Davsat (not verified) says...

Great discourses in here - and I can't be too surprised. It's what have been wired in us, introverts,debaters etc. It is what brings us here. That mind that thinks, and does it deeply, and freely, and independently. But the full conclusion of the matter is neither here nor there - in one, or a combination of personality types. We must keep an open mind as we trudge along. And let this be settled, that there is God

Guest (not verified) says...

This makes me feel emotionless...It's kind of like describing some one that's like me, but it leaves out parts of me that I really care about.

EngelbertHump (not verified) says...

After reading plenty about INTJ and listening to quite a few youtube videos, I believe that there are some people who are very good at detecting INTJ personalities, and they are the extroverted and covert narcissists, because they will make the effort to break through the narcissist's personal boundaries, which are boundaries others respect, and they will also throw all kinds of nonsensical argues and logical fallacies at an INTJ, knowing that the INTJ is going to be standing there wondering, "WTF?! That makes no sense whatsoever!" While the narcissists grin at how clever they think they are being, and how they imagine they have got the INTJ totally stumped. Consider that narcs are very envious people, they tend towards resentment and malicious sentiment, so that if they get a sense of the INTJ being of greater intelligence than themselves, they are going to feel slighted and offended by the INTJ's mere presence and existence, and so they will attempt to exploit any interaction they have with an INTJ.

MB INTJ (not verified) says...

I am intj but I believe in spiritual power.

Phoebe4 (not verified) says...

I think it's great that we've found something that helps us understand ourselves a little bit better, and lets us know we're not alone, but we shouldn't define ourselves according to the classic stereotypes or traits. If we all strictly behaved by the stereotype, we would be nothing more than analytical robots. It's entirely possible to be one type with behavior traits that defy the stereotype (such as being INTJ and Christian), or to have developed other traits (perception as a close second to judging). I have many beliefs, interests, hobbies, and talents that never show up on anything related to this personality, yet the essence of INTJ is me to the core. I see people type, "As an INTJ I ....", but I can't see ever making that kind of statement about myself, because then I would be stating that, "I behave this way because I am this personality." I am who I am, and that's fine.

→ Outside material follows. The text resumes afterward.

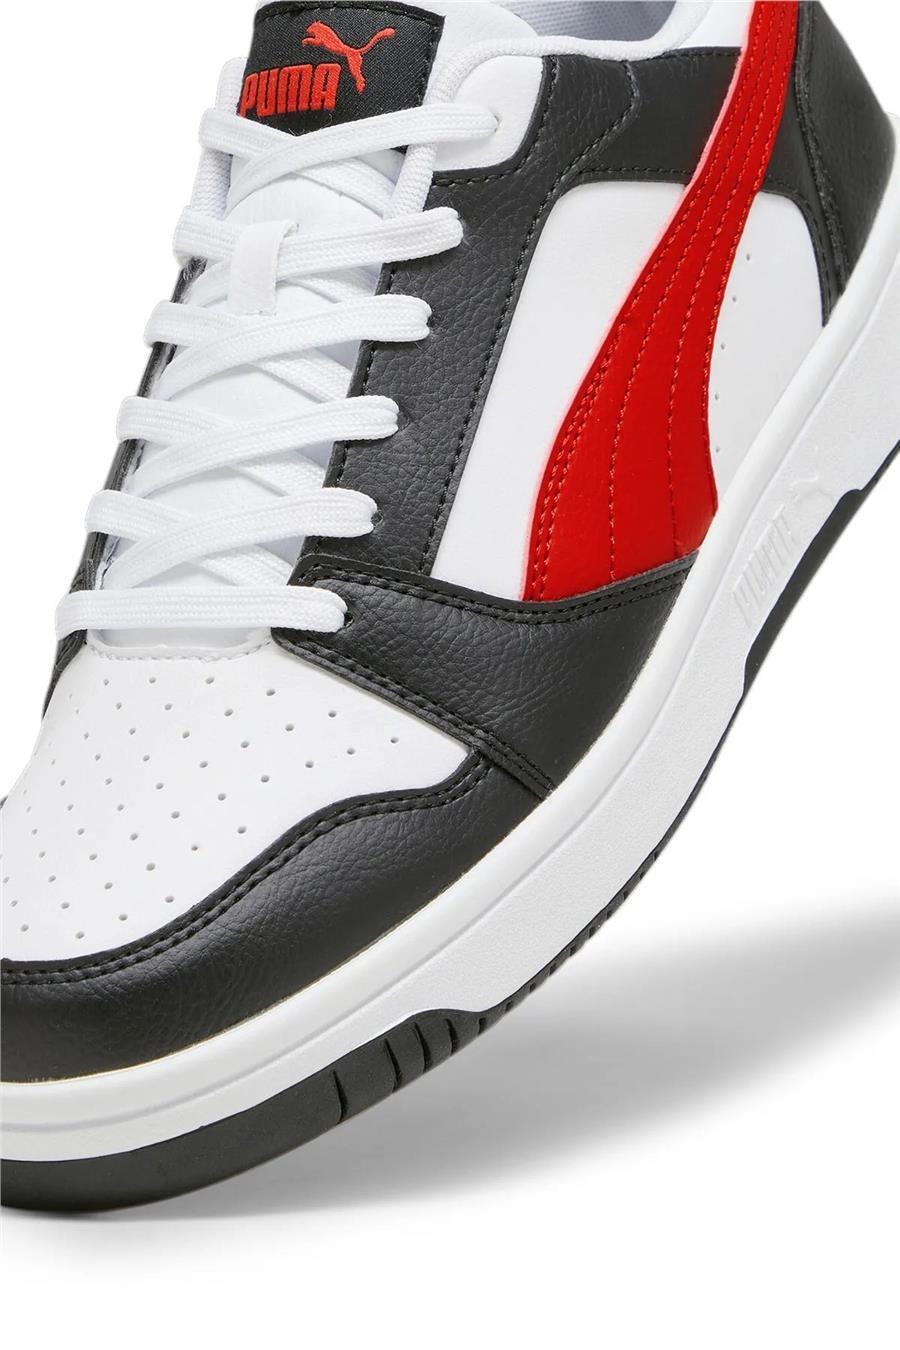 Puma 392328 04 Rebound V6 Low Puma White-For All Time Red-Puma Black  Yetişkin Erkek Sneaker Ayakkabısı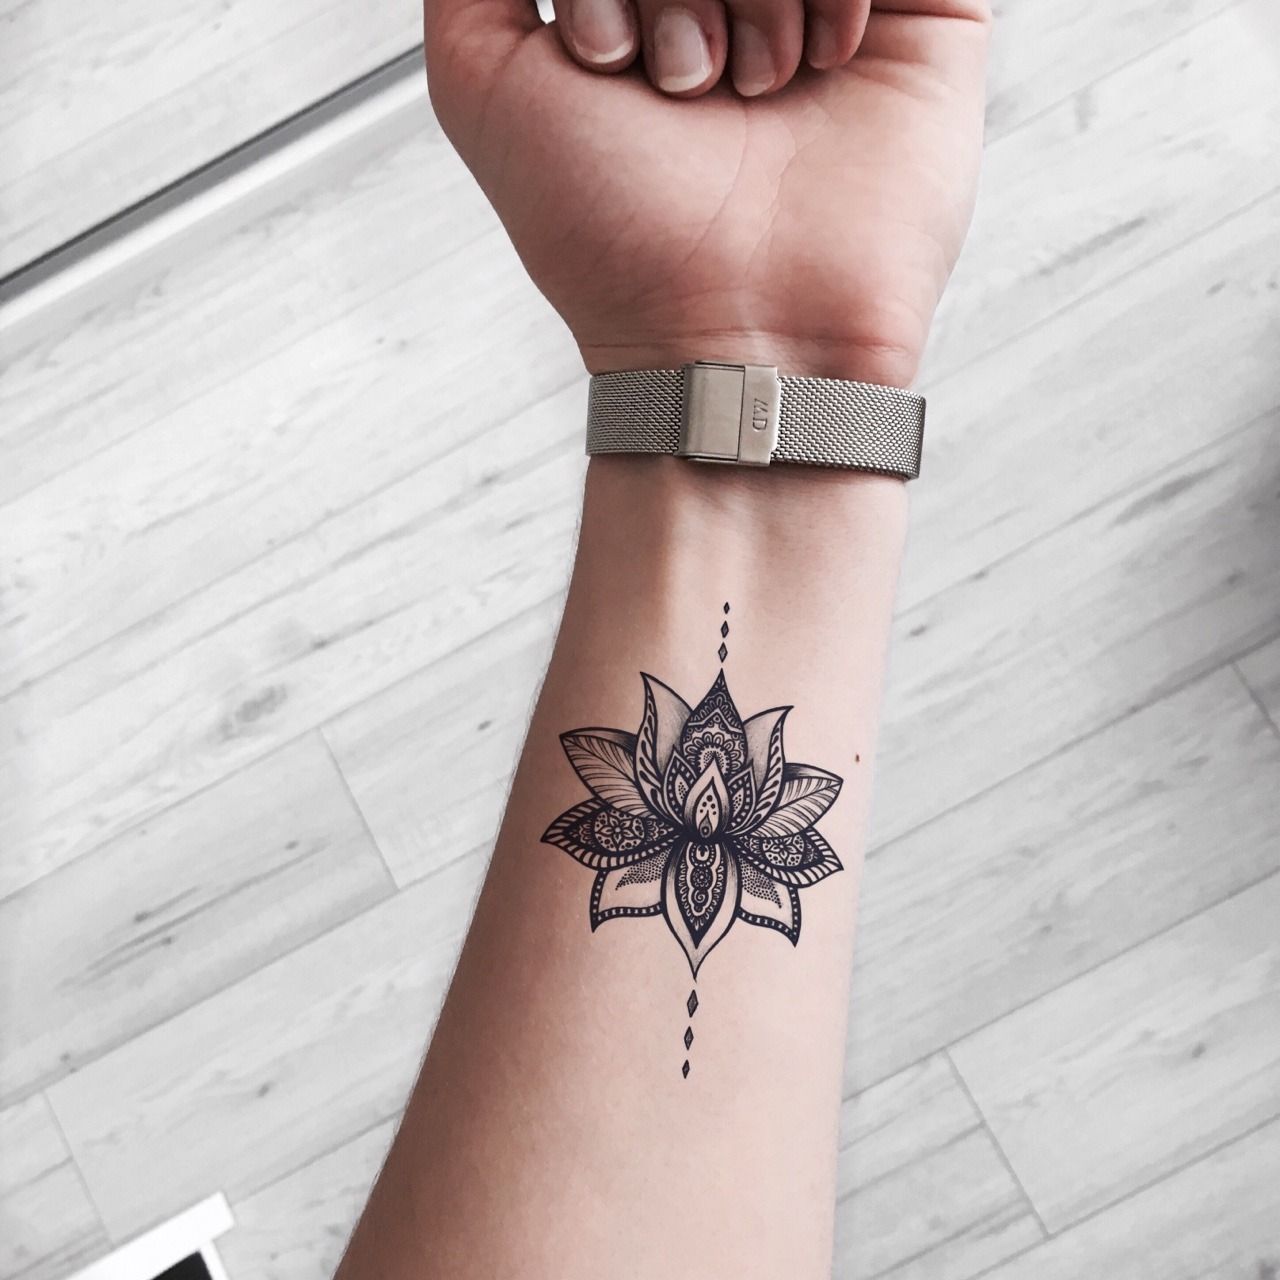 Female Wrist Tattoo Ideas Small Designs (77)

phoebs (not verified) says...

I wish people would quit saying, "As an INTJ I..." It implies that you identify with a certain category, therefore you behave a certain way, as if you have no control over it. I doubt many people who actually are INTJ are hardcore. Fitting the stereotype, and only the stereotype, would result in someone behaving as a cold-hearted robot. It's entirely probable to have developed some of the opposite personality components to some extent. I am INTJ, but have a healthily developed P. I think a sliding scale (for example, comparing your level of S to N) would be a more appropriate visual. Whatever our innate self is at birth, we can't ignore that experience does shape who we are. We all know different people respond to the same event differently. The same group of veterans can experience the same firefight, lose the same members of their unit, and upon returning home, different sensory events will trigger the same memory and result in different emotions and reactions. Extroverts may become introverts, if they were not extreme extroverts before deployment. Positive experiences can shape us as well, and it's worh remembering that different functions manifest and recess as we mature. Also worth remembering that we answer questions on personality tests in light of how we see ourselves - or to get the result we want for those of us who can manipulatesuch tests - and may not necessarily be accurate.